Action item → In the entries that follow, the lines from the one with "campo-de-fiori-rome-markets" through the one with "Die AfD-Bundestagsabgeordneten Paul" are the ones to write out, exactly and with both ends included. Nothing else should appear.

Exercise data →
::::

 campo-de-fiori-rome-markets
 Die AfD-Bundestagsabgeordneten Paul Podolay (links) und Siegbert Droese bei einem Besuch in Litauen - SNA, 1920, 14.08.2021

::::

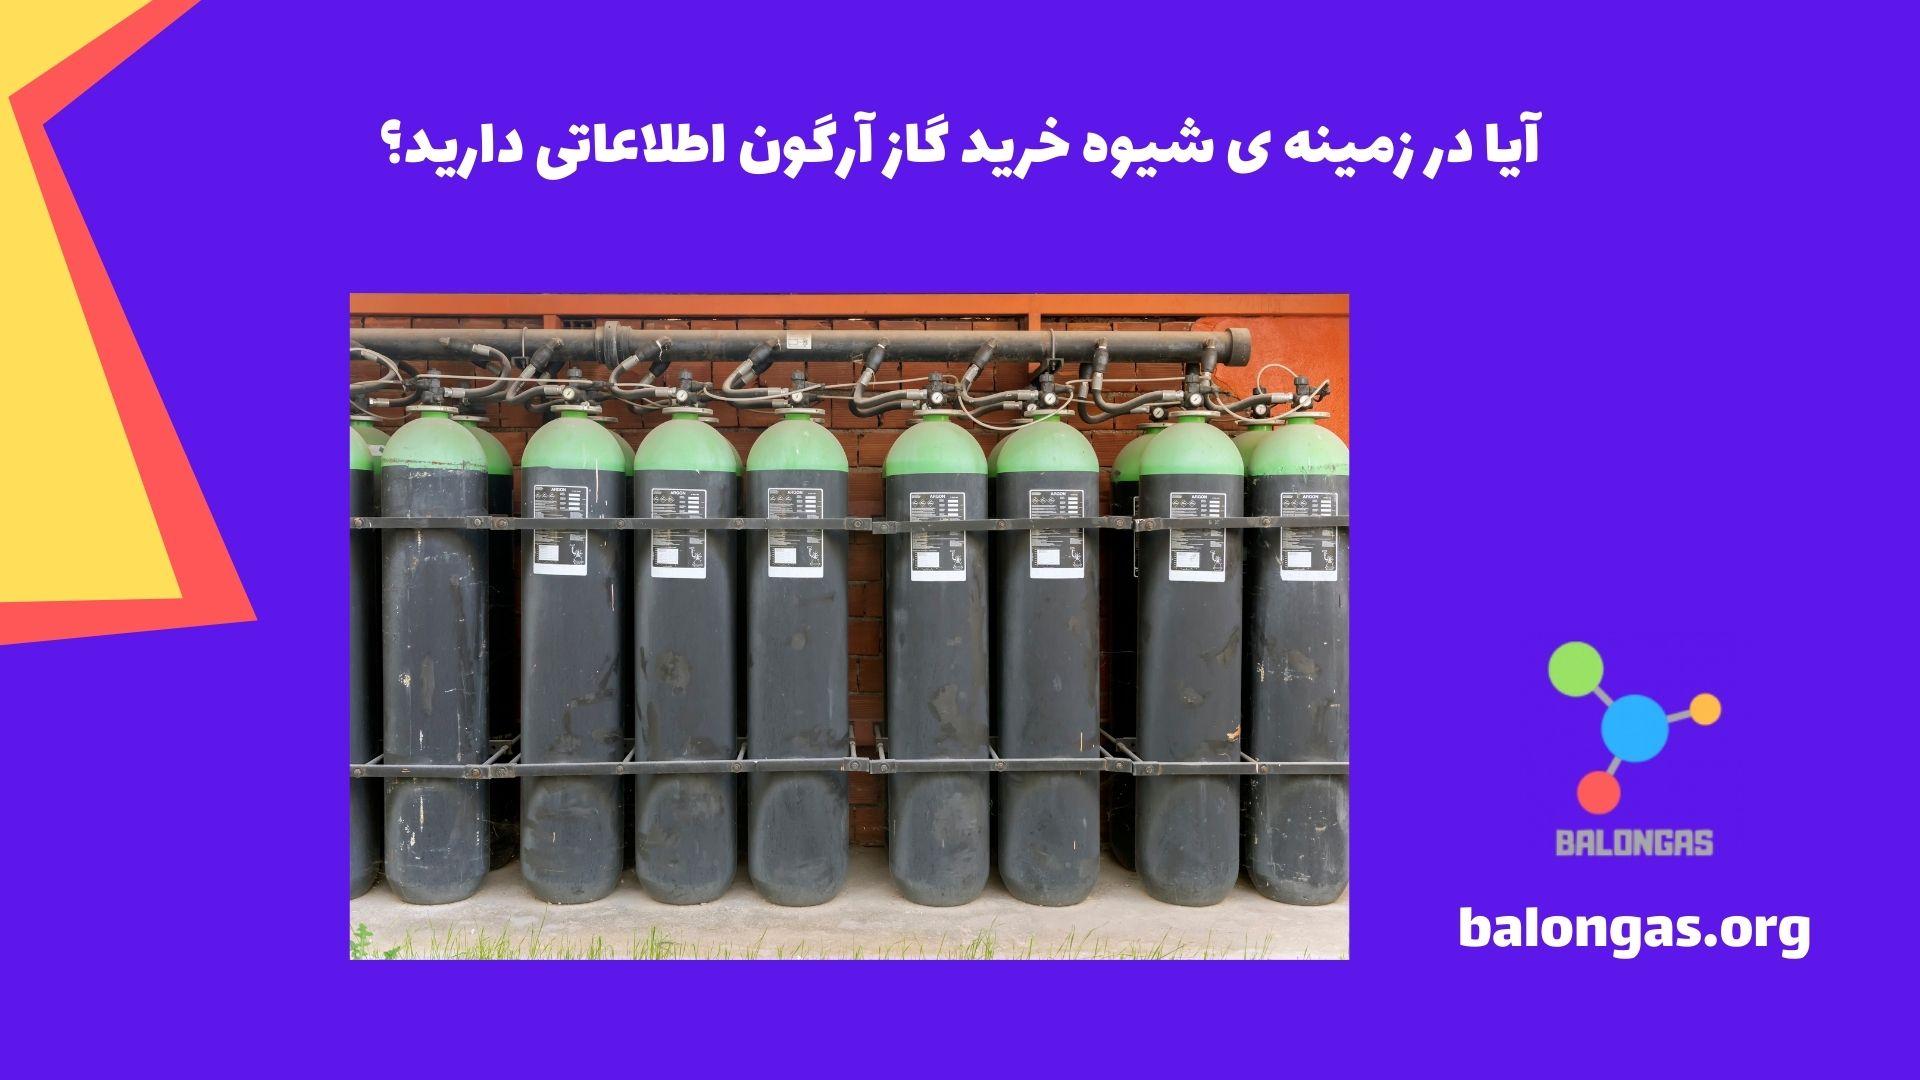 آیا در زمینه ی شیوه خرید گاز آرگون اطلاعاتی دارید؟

::::

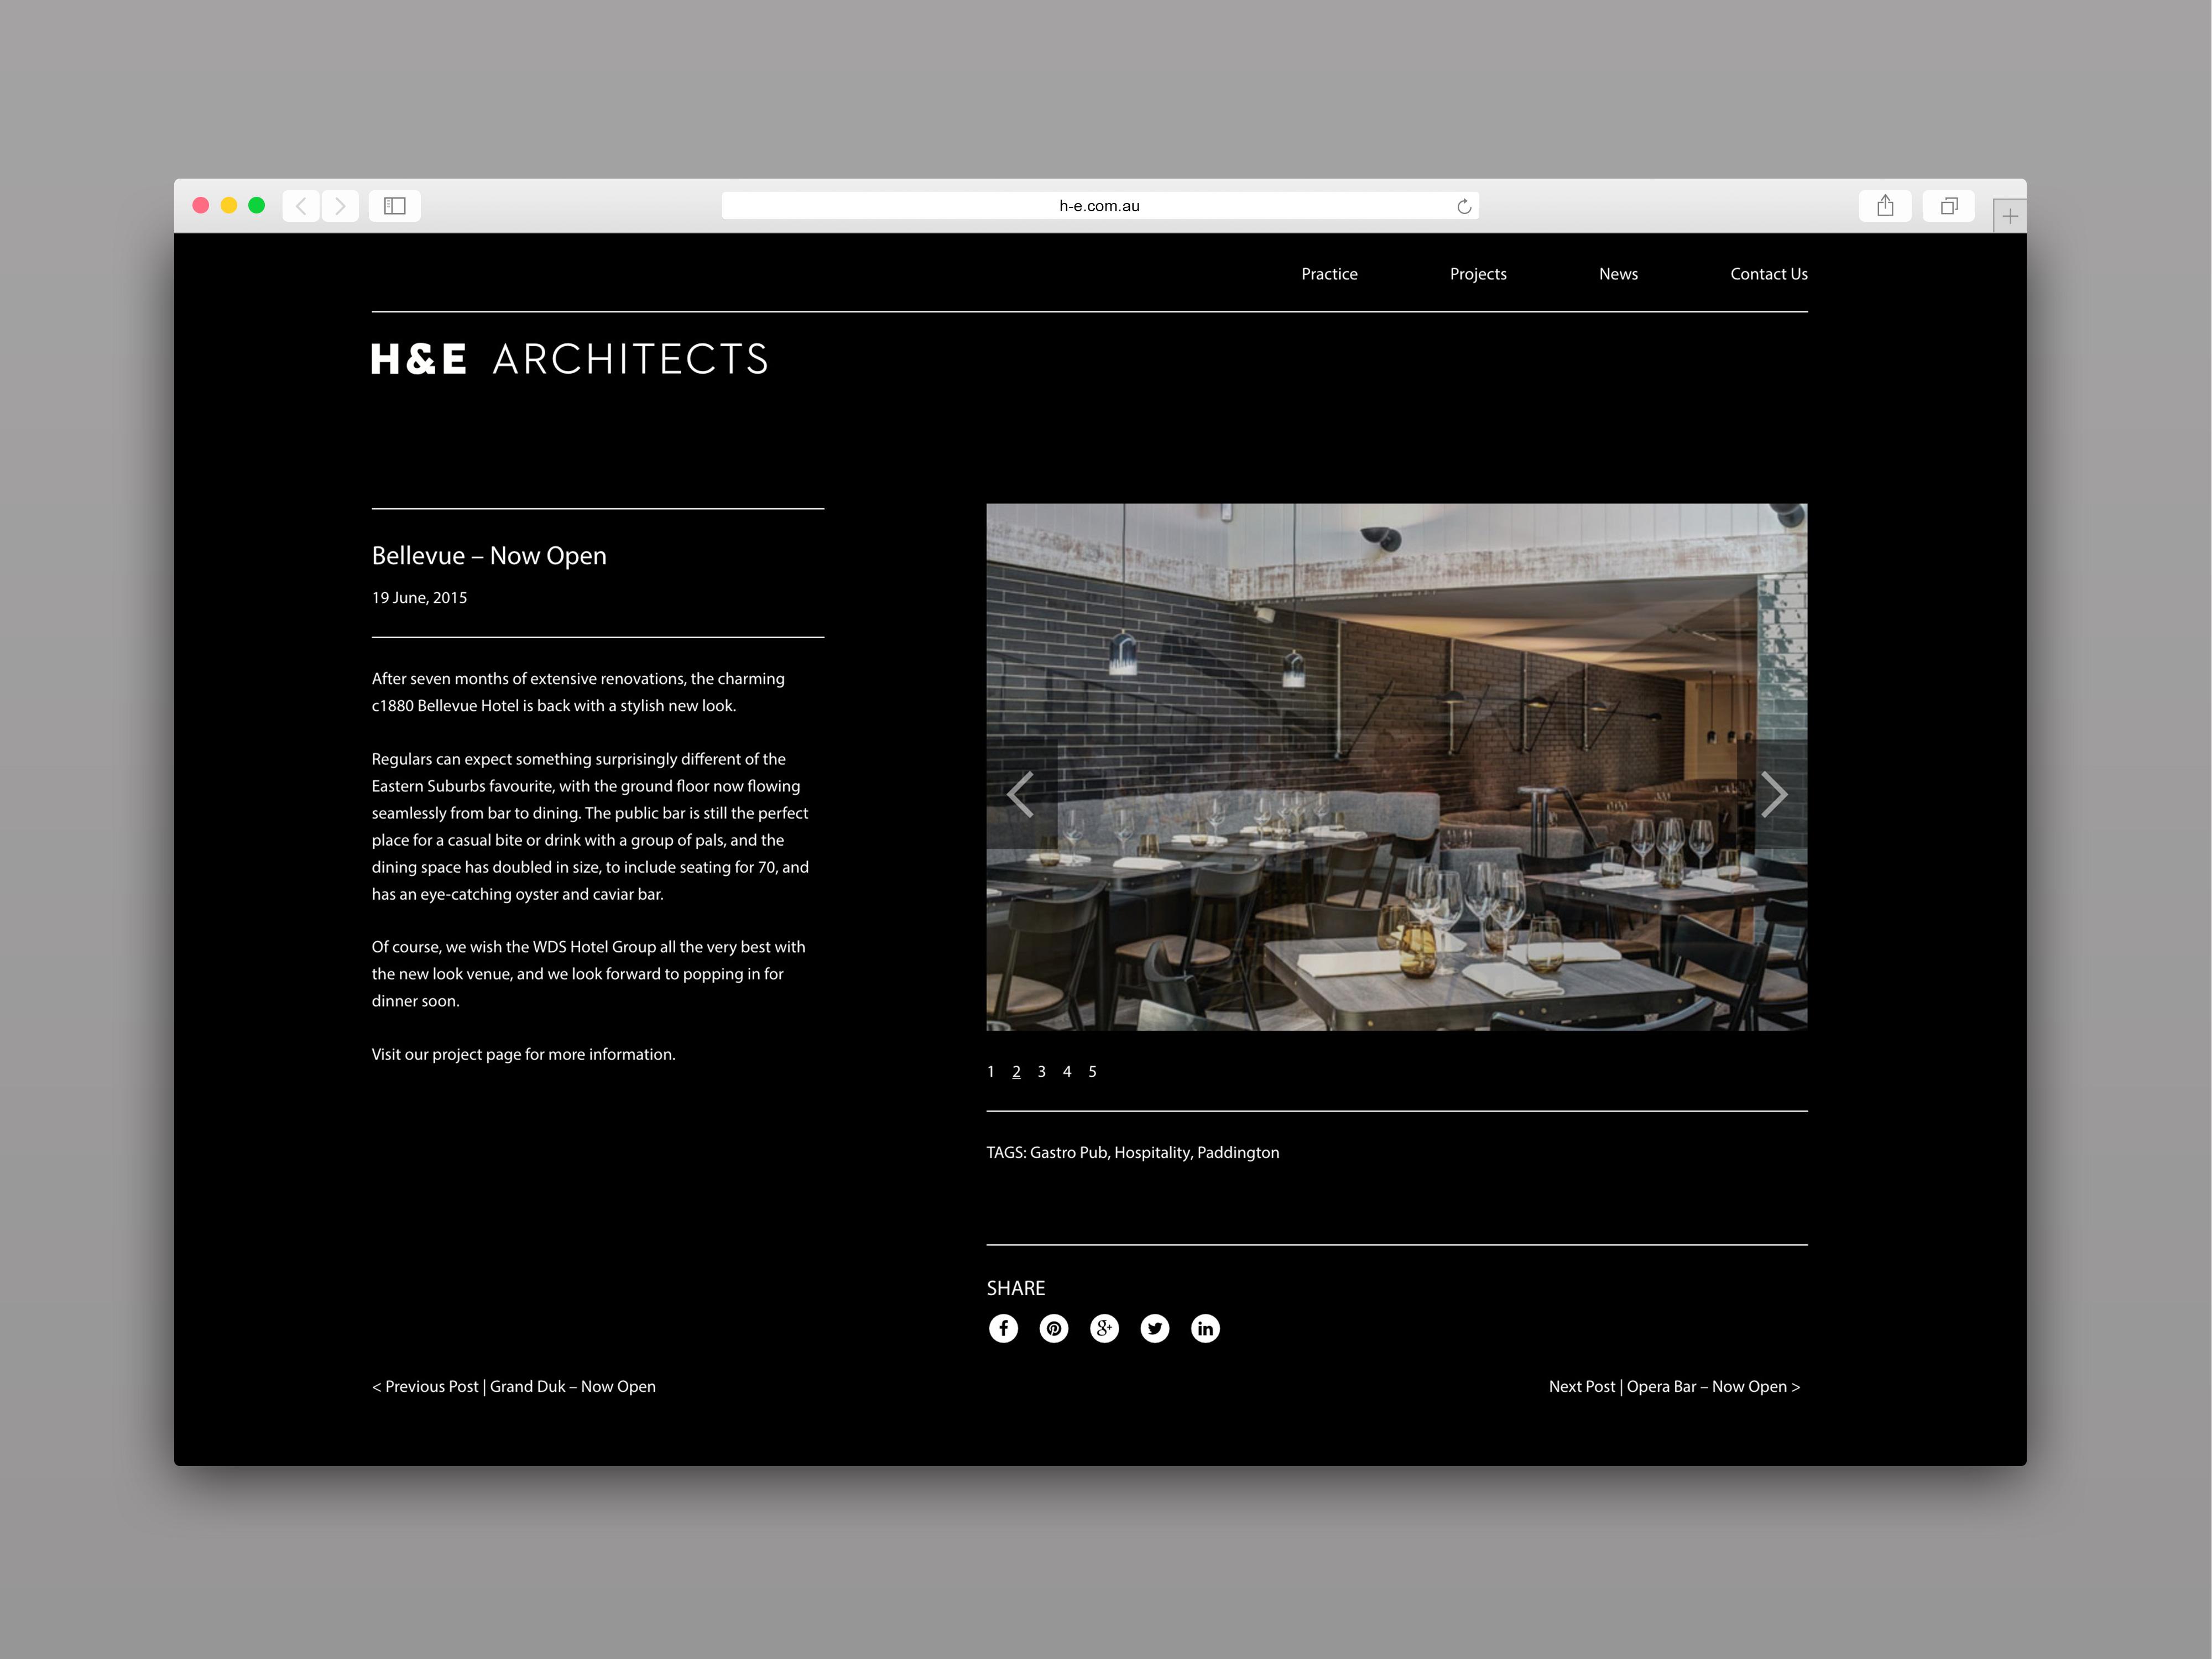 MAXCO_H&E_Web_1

::::

Output for this exercise →
 campo-de-fiori-rome-markets
 Die AfD-Bundestagsabgeordneten Paul Podolay (links) und Siegbert Droese bei einem Besuch in Litauen - SNA, 1920, 14.08.2021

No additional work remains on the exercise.